There are two types of vanilla that are used in food: Bourbon (with a stronger aroma) and Tahiti (with a more floral aroma), the latter being the most used by gastronomy chefs. The bean itself has no flavor; Therefore, it needs to be dried and fermented to be used in cooking.


   • Cardamom

The ancient Egyptians chewed cardamom seeds to clean their teeth, the Greeks and Romans used it as perfume, the Arabs attributed it to aphrodisiac qualities and the ancient Indians considered it in a cure for obesity. Rediscover one of the most precious spices, with countless therapeutic properties and culinary applications.

Cardamom is one of the most used and well-known spices in Indian cuisine, being one of the bases of Garam Masala. It is a spice rich in aroma and therapeutic properties, making it one of the most precious and expensive in the world.

The use of cardamom has grown significantly since the beginning of the 19th century and, as a medicine, it can be used to refresh breathing, calm infections and aid digestion. Essential oil and oleoresin (a natural mixture of resin and oil) are used in perfumes, and in the kitchen cardamom is used in a variety of dishes from main courses, soups, rice and curries, desserts, drinks and pastries.

    • Sumac - Sumac

Sumac (in English: sumac and in French: le sumac) is a berry or fruit of a shrub with a color that varies from brick red to dark purple.

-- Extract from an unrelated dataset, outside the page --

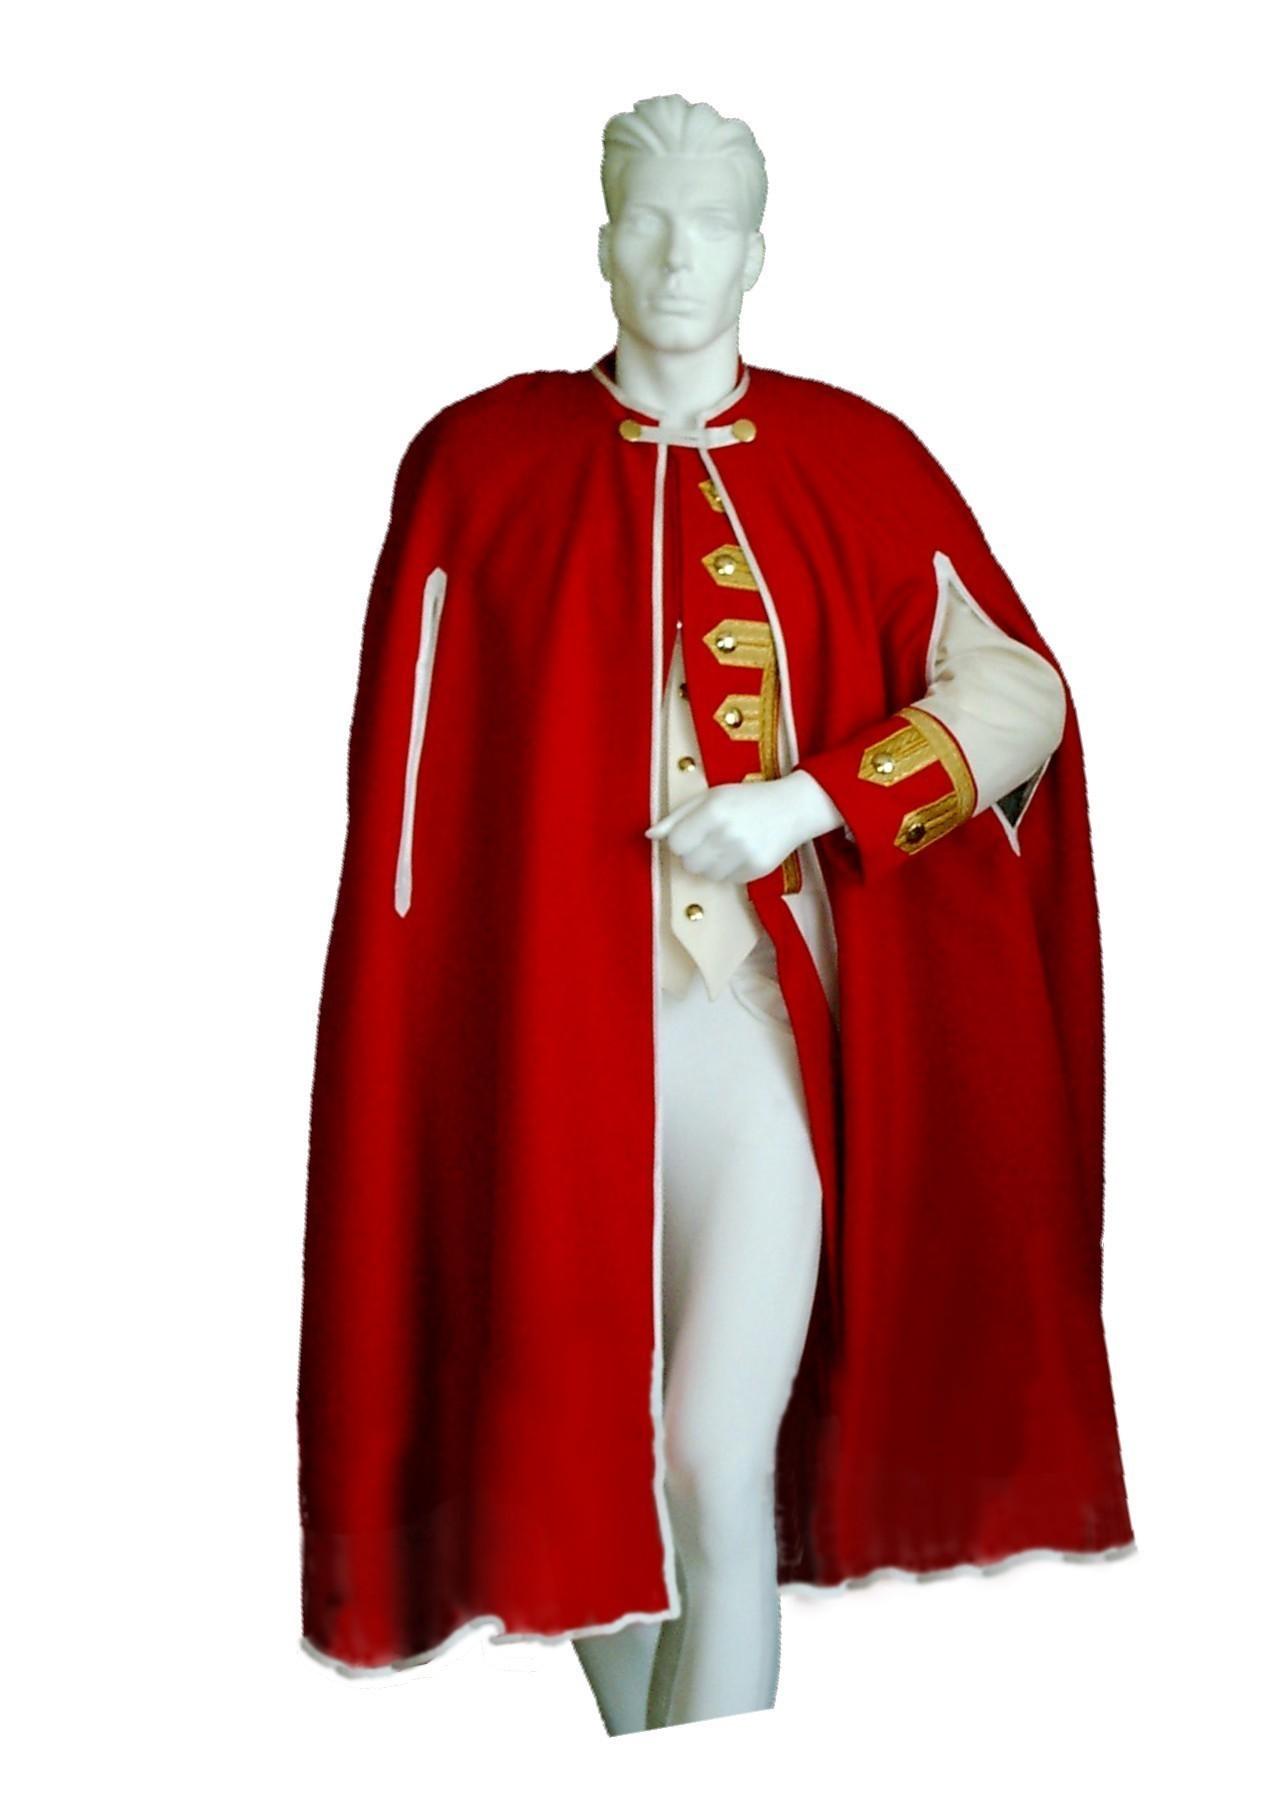 Bajazzokarneval De Gardeumhang Gardeumhange Cape Poncho Uniform

These berries are dried and ground to be used as a seasoning.

Spice from the Middle East replaces the acidity of lemon and adds a special touch to preparations such as salads, meats and pastas. Also known as sumac or sumac, sumac is a spice with an exotic aroma and acidic, citrus-like flavor, reminiscent of a mixture of paprika and lemon.

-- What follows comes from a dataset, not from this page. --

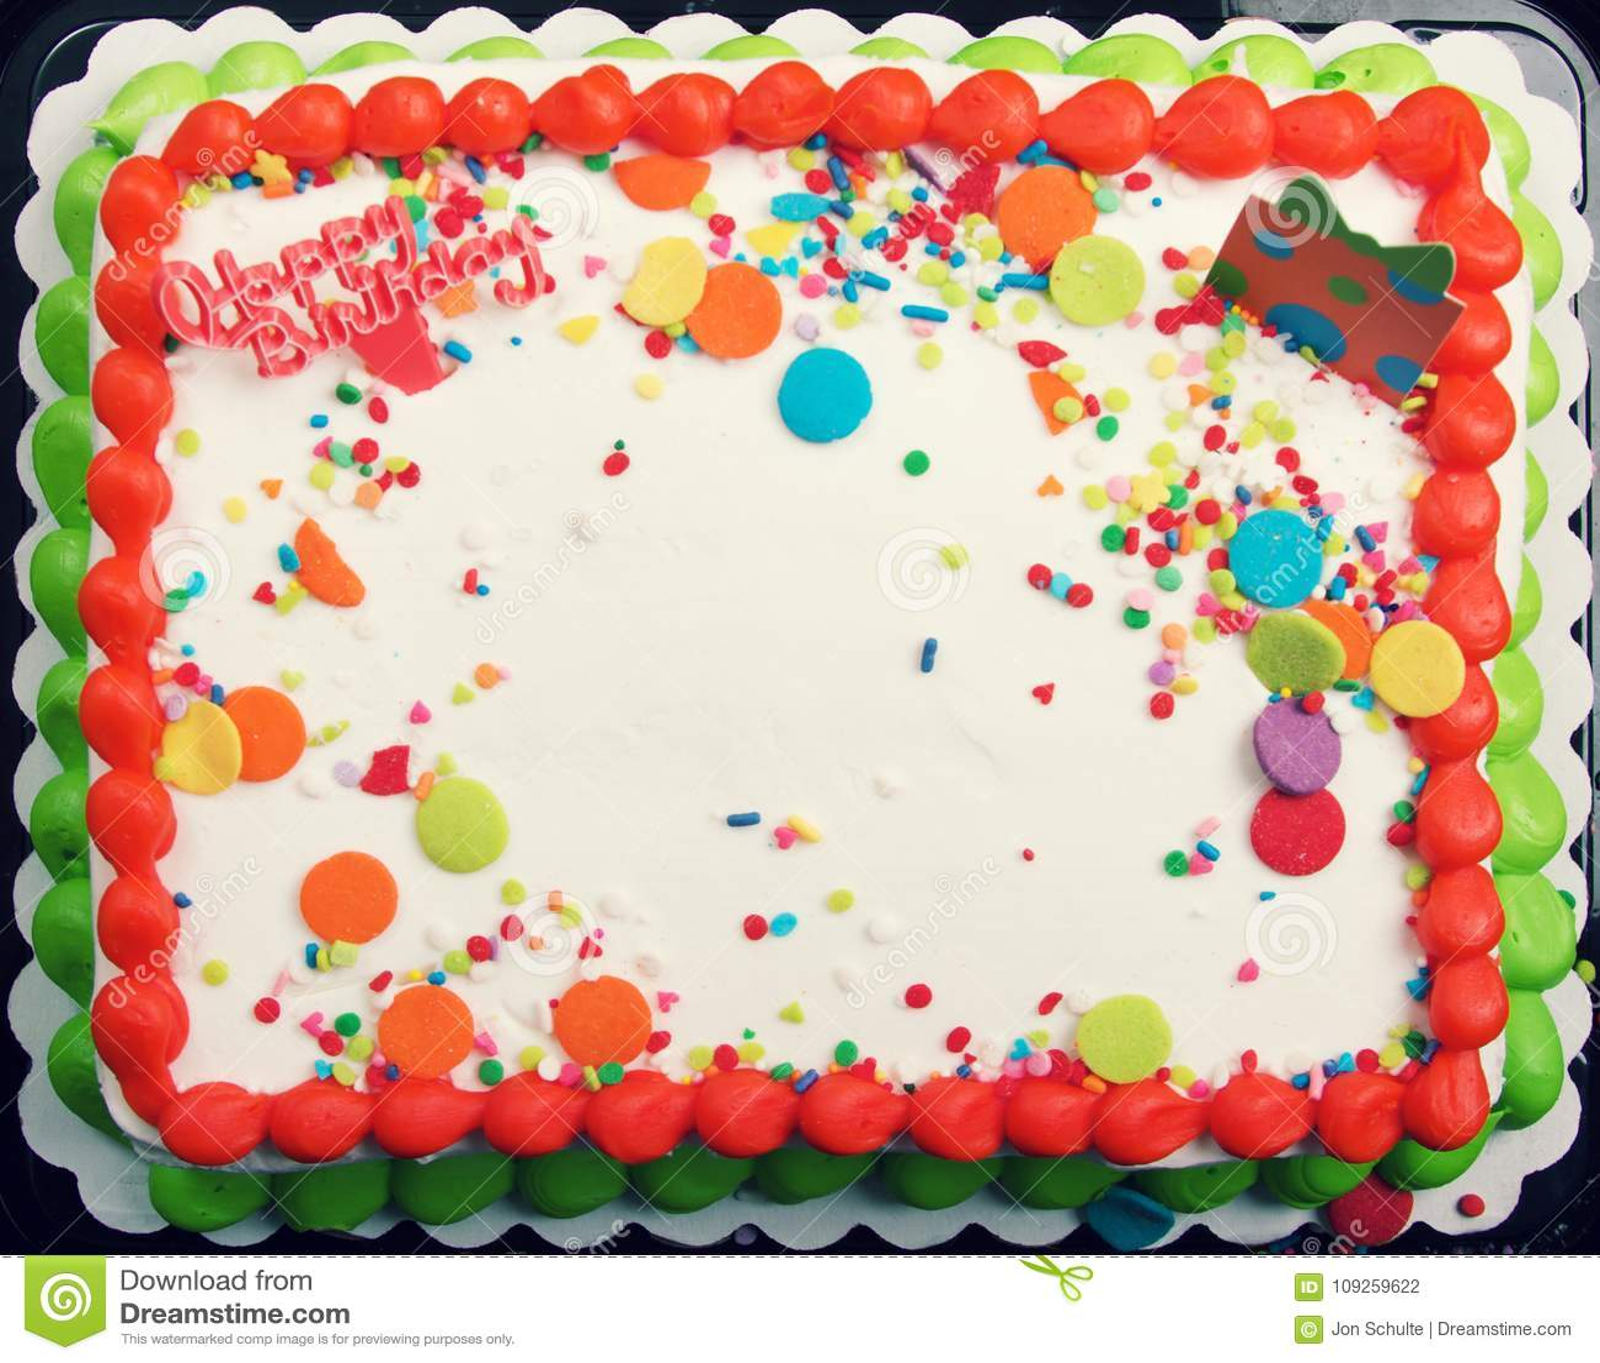 Decorated Cake Icing Background

Sumac is also one of the main components of the mixture of zaatar or za'atar seasoning, along with sesame or sesame and dried thyme. Sumac goes well with chicken, fish and shellfish, lamb or sheep, eggplant, chickpeas and lentils.

This seasoning is great in recipes where you can't or don't want to add lemon liquid or vinegar, like some recipes with fish. The acid in the lemon denatures or “pre-cooks” the proteins in the fish meat.

   • Black Garlic

Black garlic is a type of aged garlic whose darkening is attributed to the Maillard reaction. It is used in Asian cuisine and has recently gained popularity and spread in sophisticated Western restaurant kitchens.

It is made by heating whole bulbs of garlic (Allium sativum) over several weeks, a process that results in blackened garlic cloves.

The flavor of black garlic is sweet (resembling sugar syrup), with notes of balsamic vinegar or tamarind.

Black garlic is produced when garlic heads are subjected to an aging process under specific conditions of heat and humidity. Garlic heads are kept in a controlled humidity environment at temperatures ranging from 60 to 77 °C for 2 weeks to 3 months. There are no added additives, preservatives or any type of burning.

These conditions are believed to facilitate the Maillard reaction, the chemical process that produces new flavor compounds responsible for the complex flavor of grilled meat and onions fries. The garlic cloves turn black and develop a sticky texture, similar to the texture of dates.